Copper assets are hotly coveted by many mining companies amid estimated demand growth due to a shift to electric cars, wind farms and transmission cables, though prices have fallen since January on a disappointing rebound in China.

Bristow said that “there is significant upside risk to the price of gold and the price of copper” due to reduced supply for both and threats to US dollar strength, as well as central bank moves to diversify your reserves by holding gold instead of the greenback for the precious metal.

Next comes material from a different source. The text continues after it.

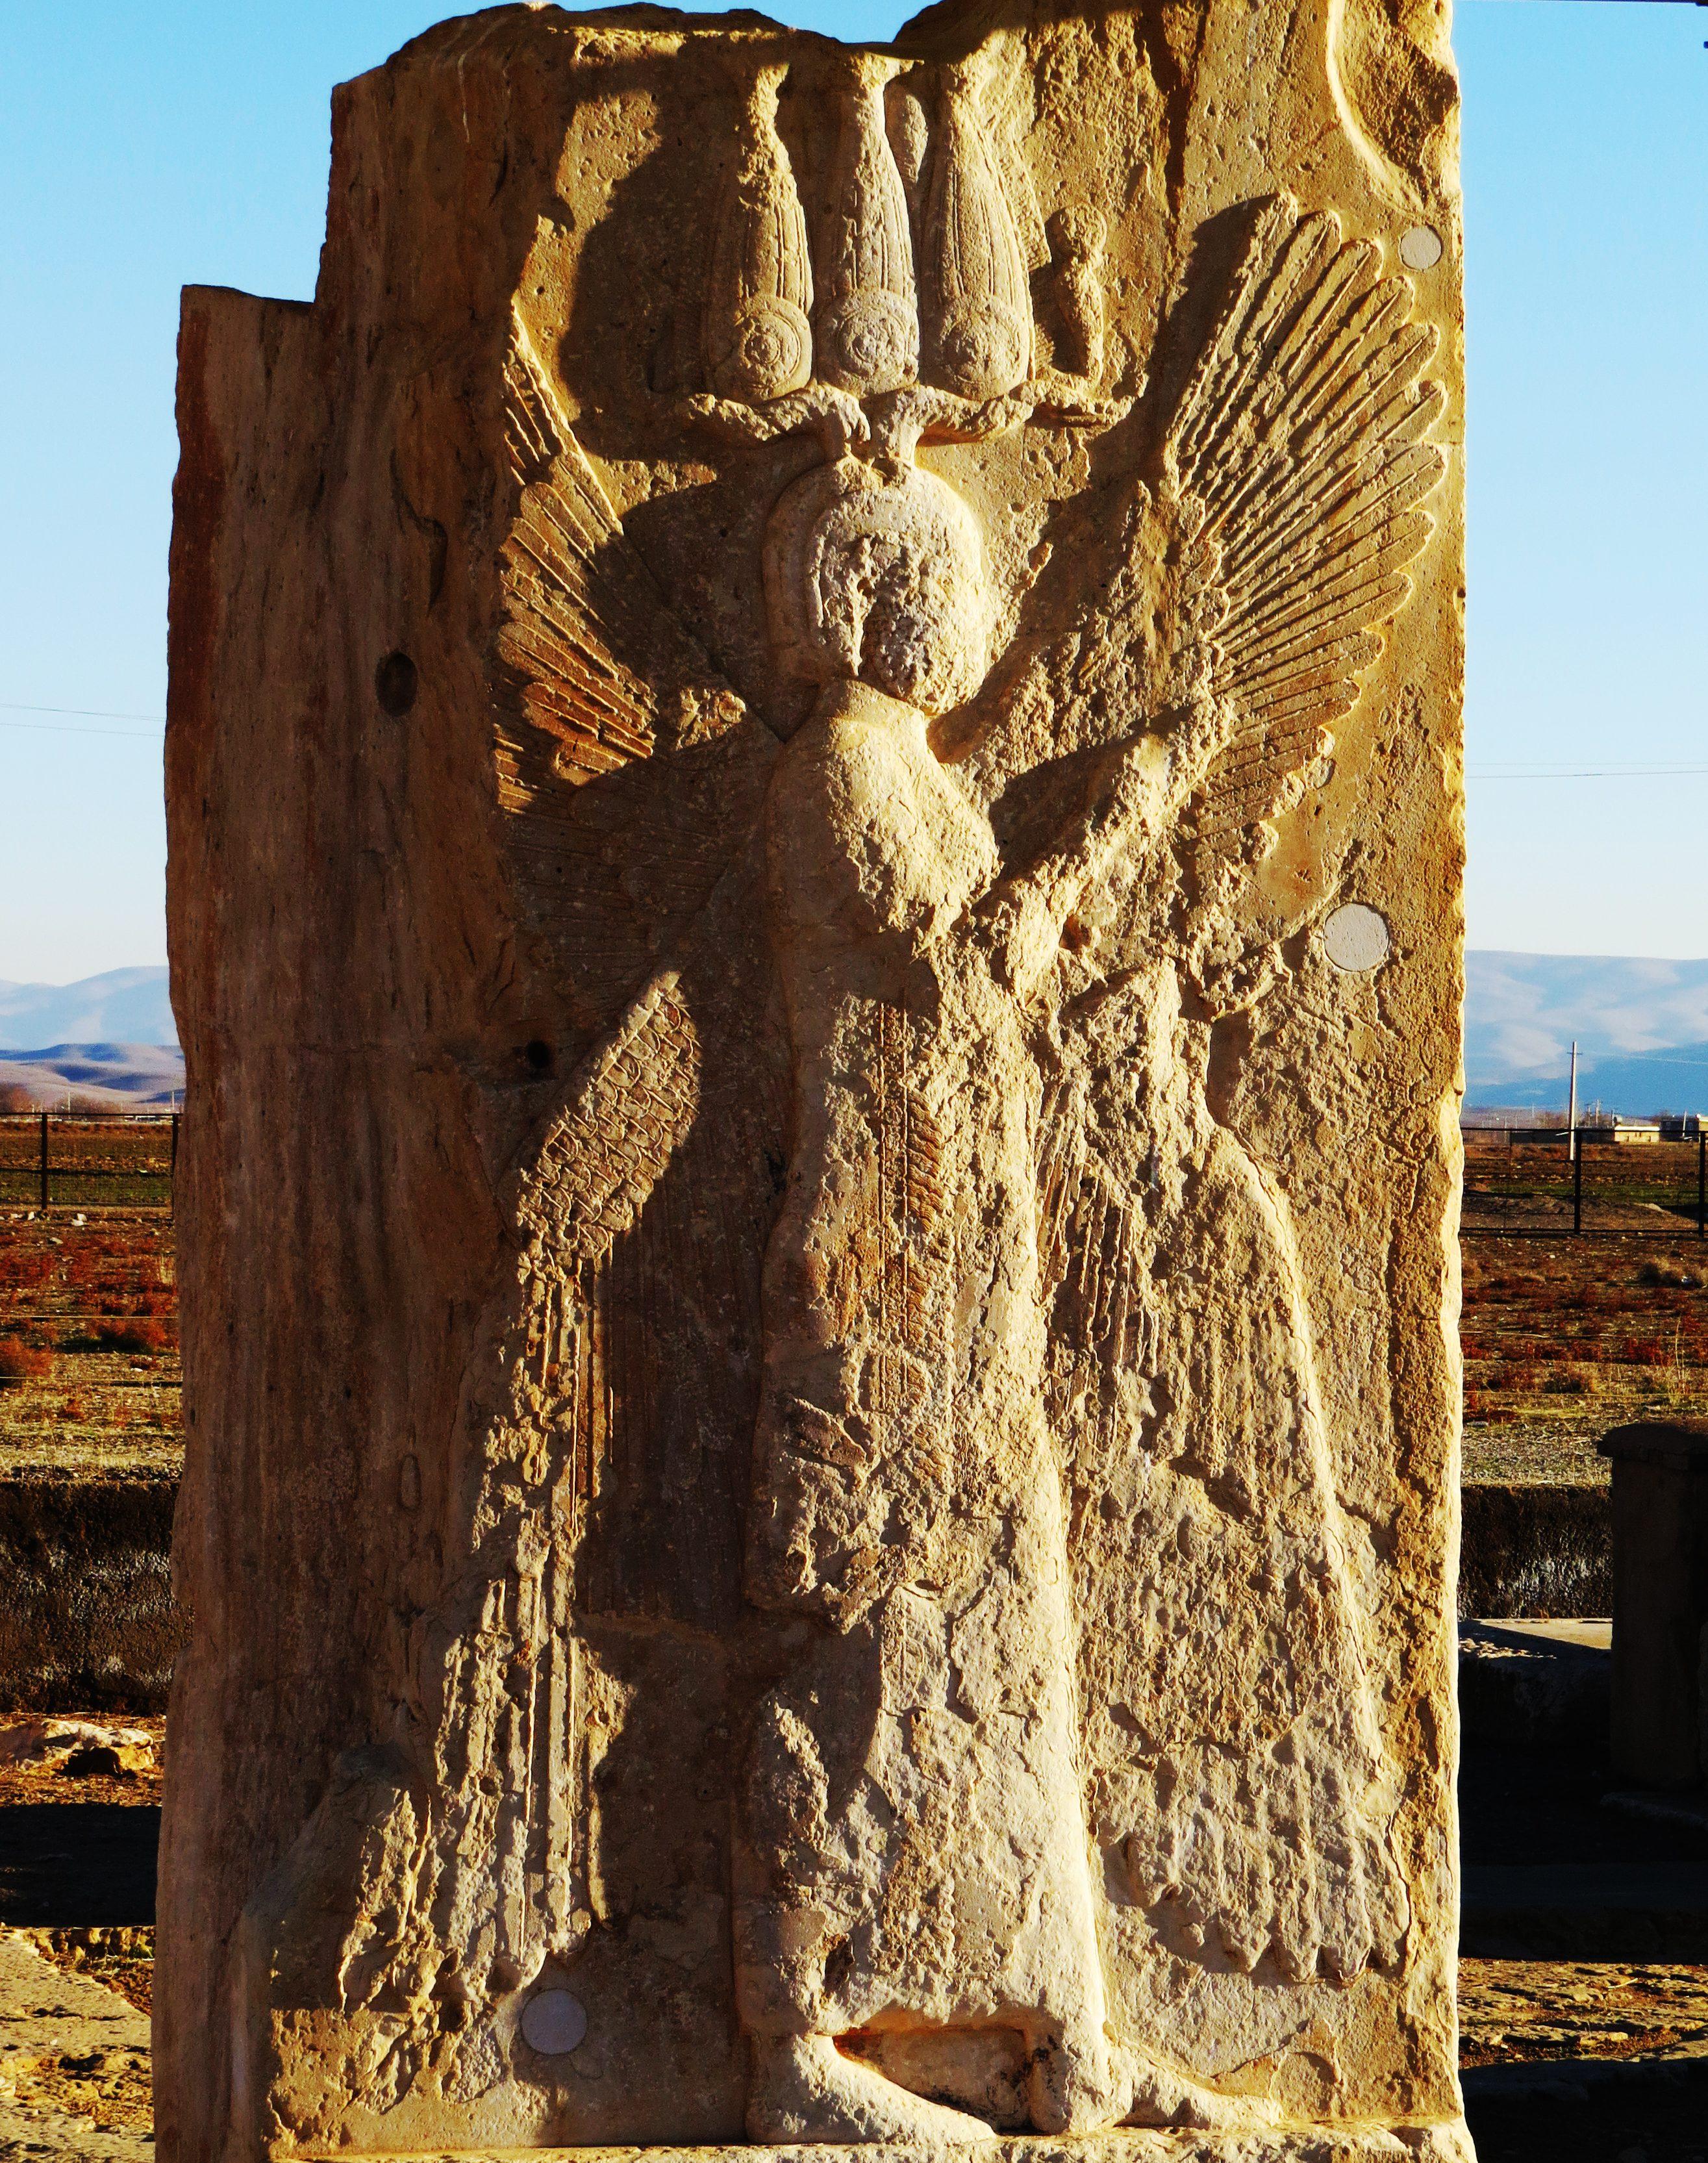 上图:戴着古埃及「叫喊」冠(Hemhem crown)的古列王浮雕,位于帕萨尔加德(Pasagardae)的古列陵墓。

Mark Bristow, managing director of Barrick Gold
Mark Bristow, Chief Executive Officer of Barrick Gold: “We have a much better understanding of M&A activity than most of our peers” © Dwayne Senior/Bloomberg

Even so, Bristow has ruled out bids for Canadian miner Teck Resources’ base metals business at this stage, which could be spun off. Teck Resources was the target of a $23 billion hostile bid by London-listed Glencore.

In the markets, copper prices have fallen nearly 10% to around $8,500 a ton since January as optimism about China’s easing of anti-Covid policies faded.

However, mining executives and traders warn that historically low inventory levels increase the risk of higher prices later in the year.

In the case of gold, the sector is seen as ripe for consolidation because it is relatively fragmented and companies have fallen on hard times in the past due to investment decisions.

Barrick’s gold production fell to 952,000 ounces in the first quarter, down from 990,000 a year ago, due to scheduled maintenance at its processing plant for its string of gold mines in Nevada and l start of the commissioning of the plant in Pueblo Viejo in the Dominican Republic. That helped bring adjusted net income down by nearly half to $247 million.

Barrick is looking to grow its copper business by developing Reko Diq in Pakistan’s Balochistan province, which borders Afghanistan, while focusing on exploration in the Americas, Saudi Arabia and Egypt.

It reached an agreement in late March to reopen the Porgera mine in Papua New Guinea, where production has been suspended since 2020 after a dispute with the government.